* WORK TASK *
Below is a listing; retype exactly the lines between the one containing "Bolt-together storage shelving, zinc" and the one containing "Endangered /", inclusive, minus the pictures.

* SOURCE MATERIAL *
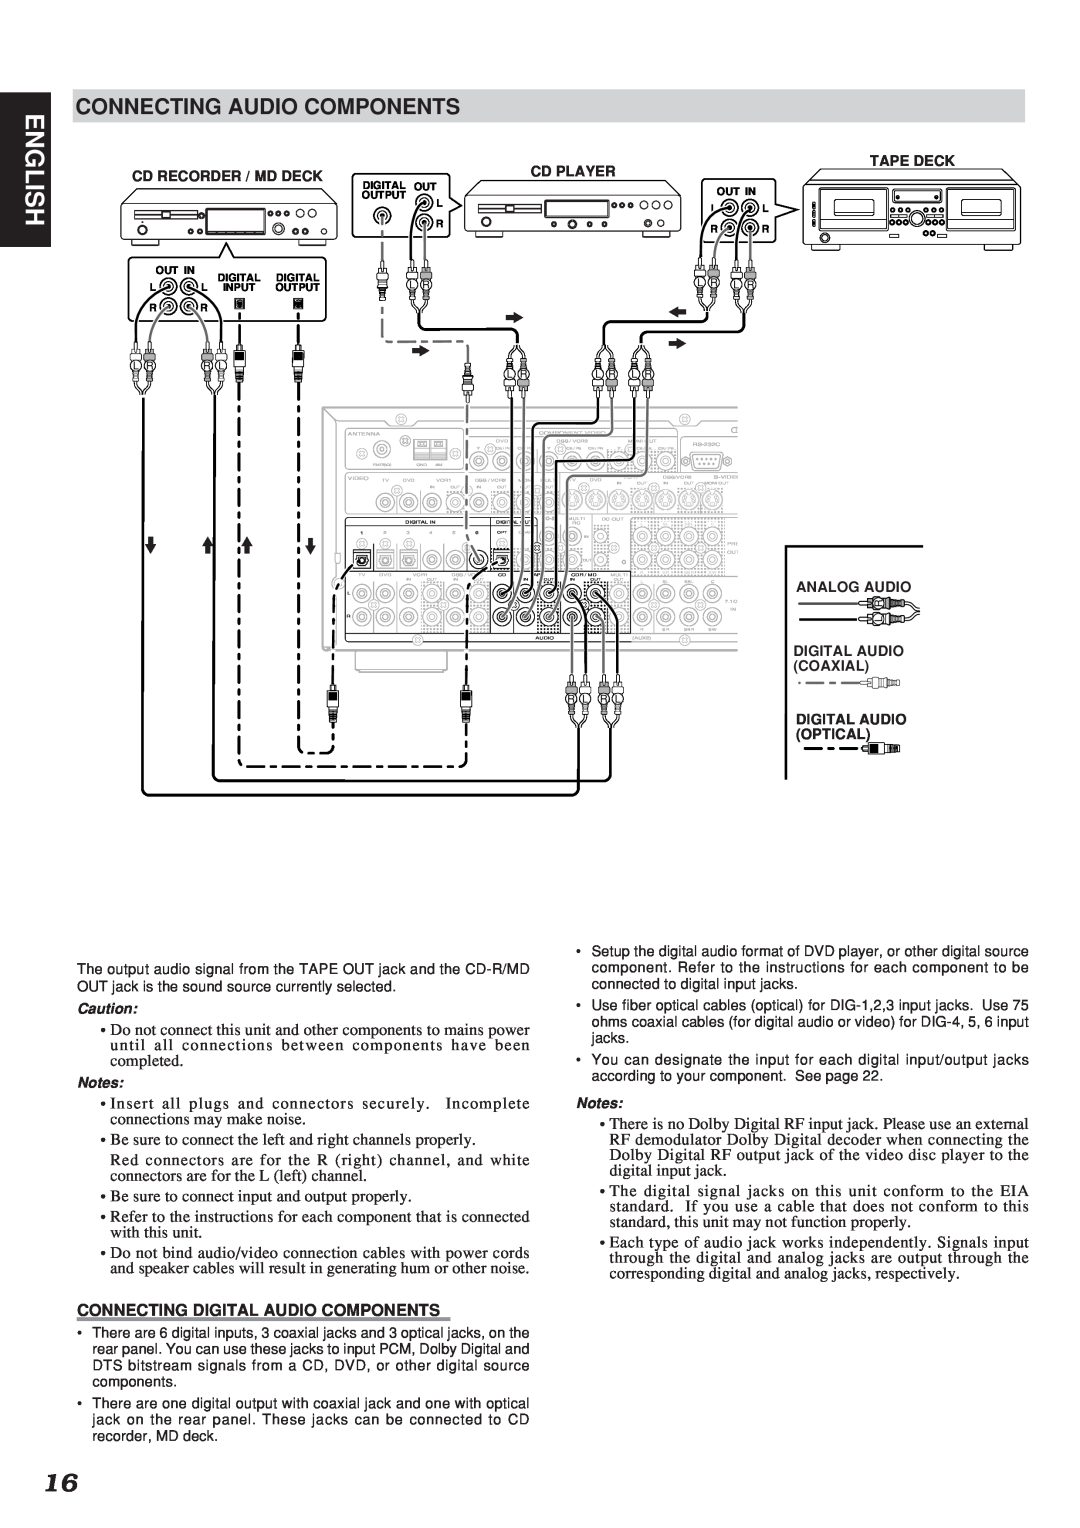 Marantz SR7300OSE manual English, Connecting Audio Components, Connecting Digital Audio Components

---

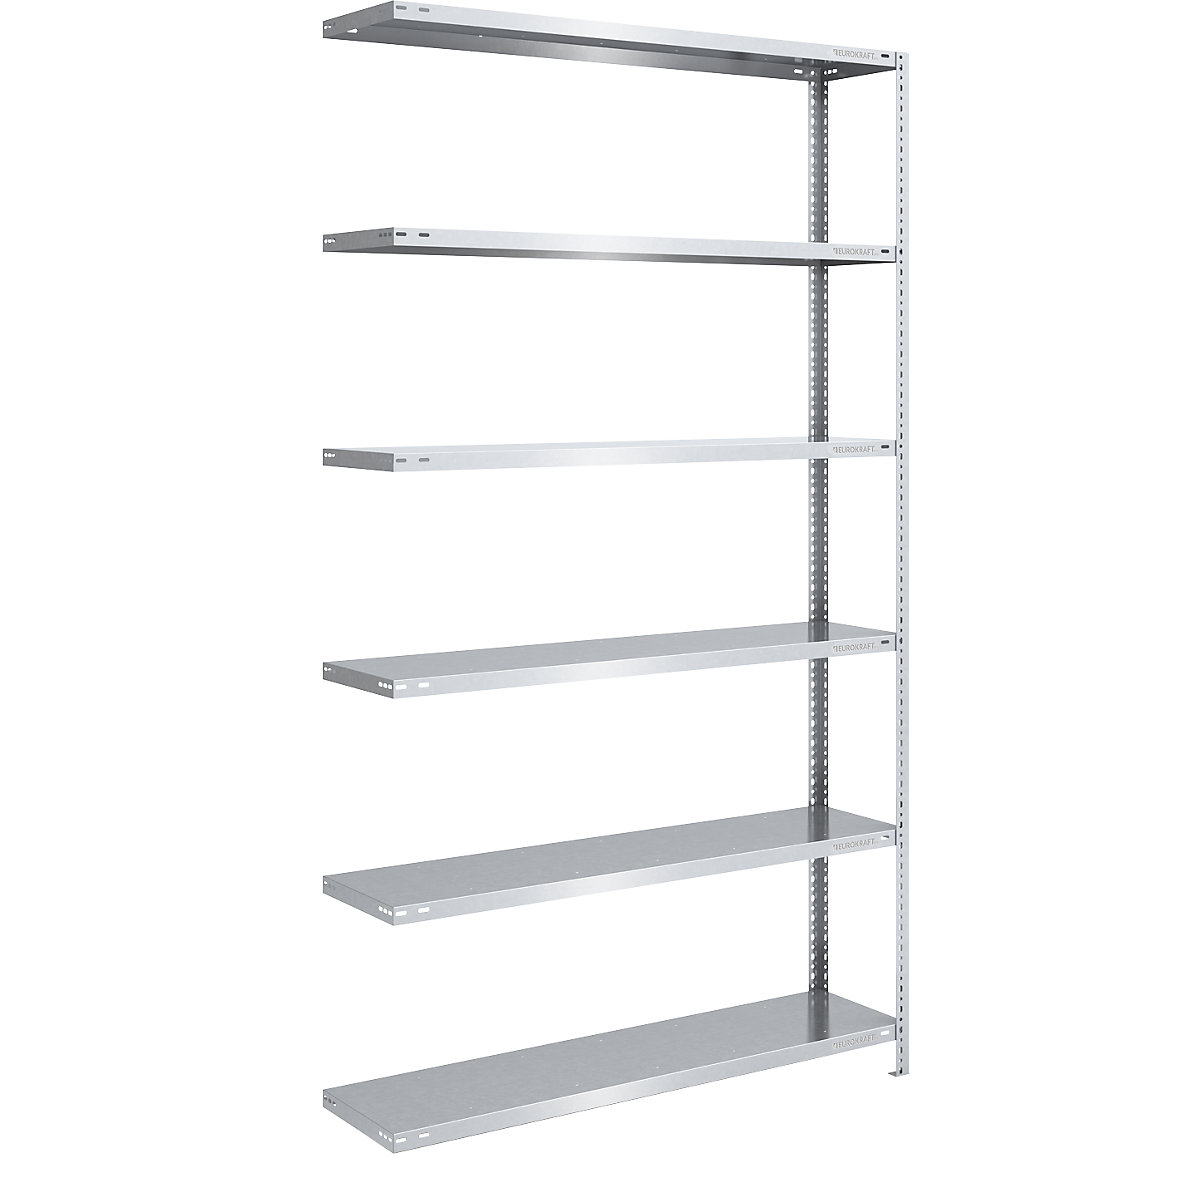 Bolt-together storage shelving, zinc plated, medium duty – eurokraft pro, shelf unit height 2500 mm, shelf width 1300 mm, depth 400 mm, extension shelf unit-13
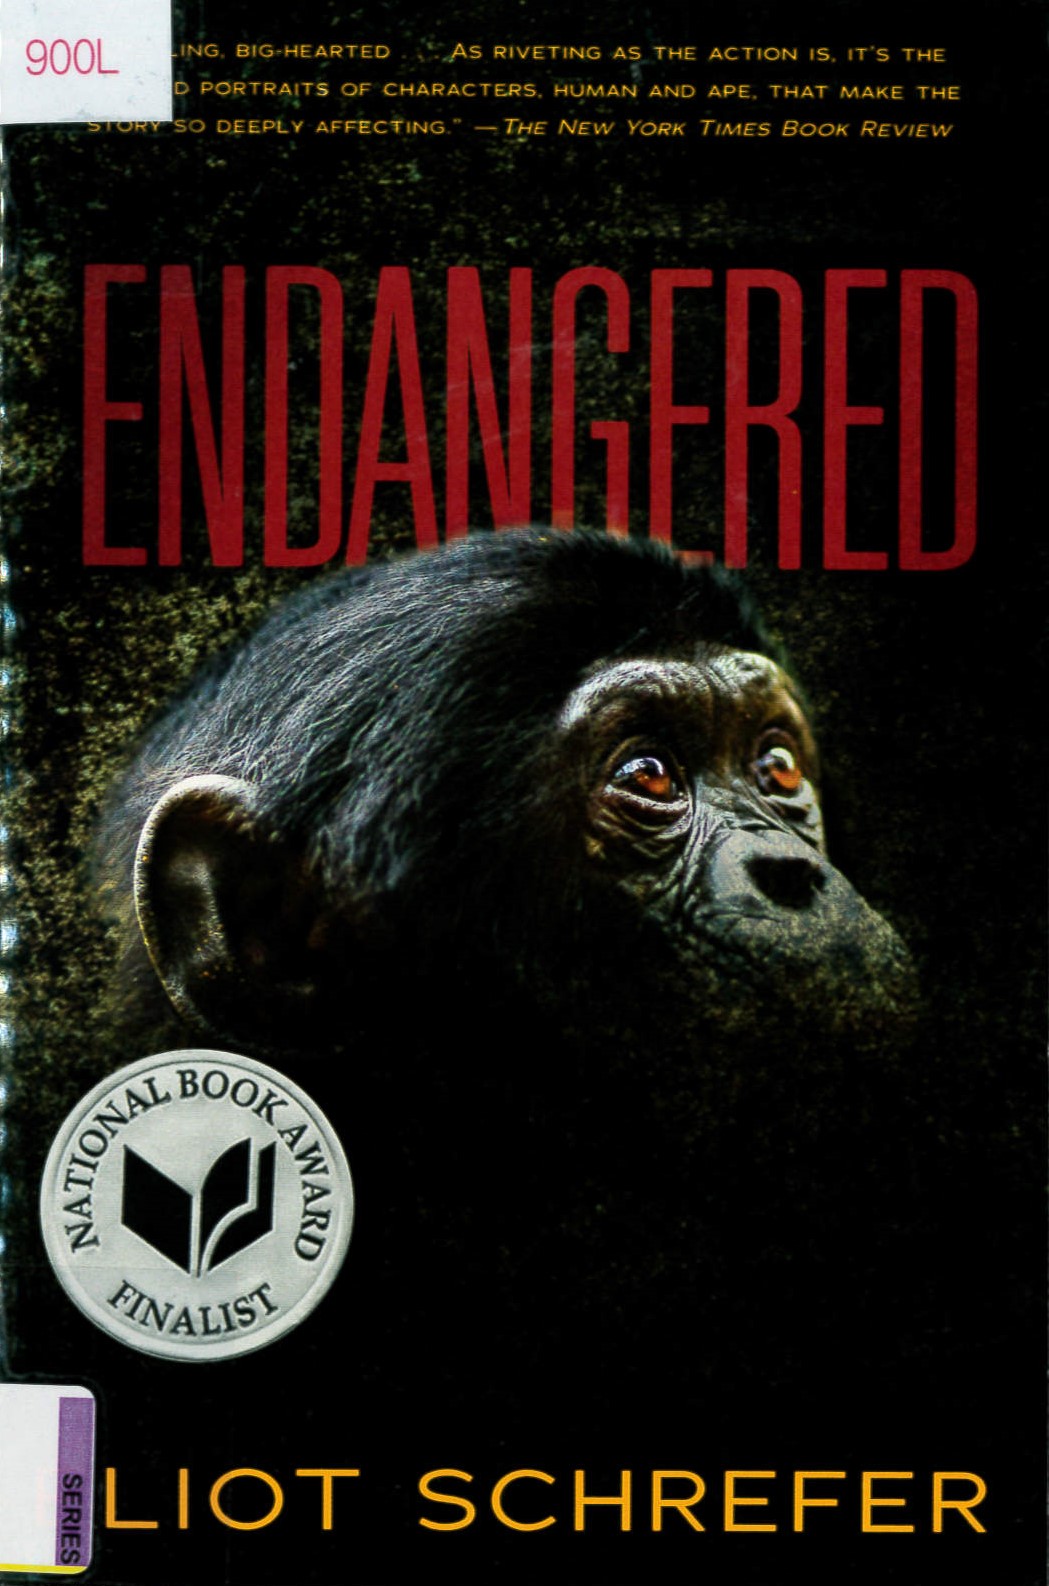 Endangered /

* YOUR SOLUTION *
 Bolt-together storage shelving, zinc plated, medium duty – eurokraft pro, shelf unit height 2500 mm, shelf width 1300 mm, depth 400 mm, extension shelf unit-13
 Endangered /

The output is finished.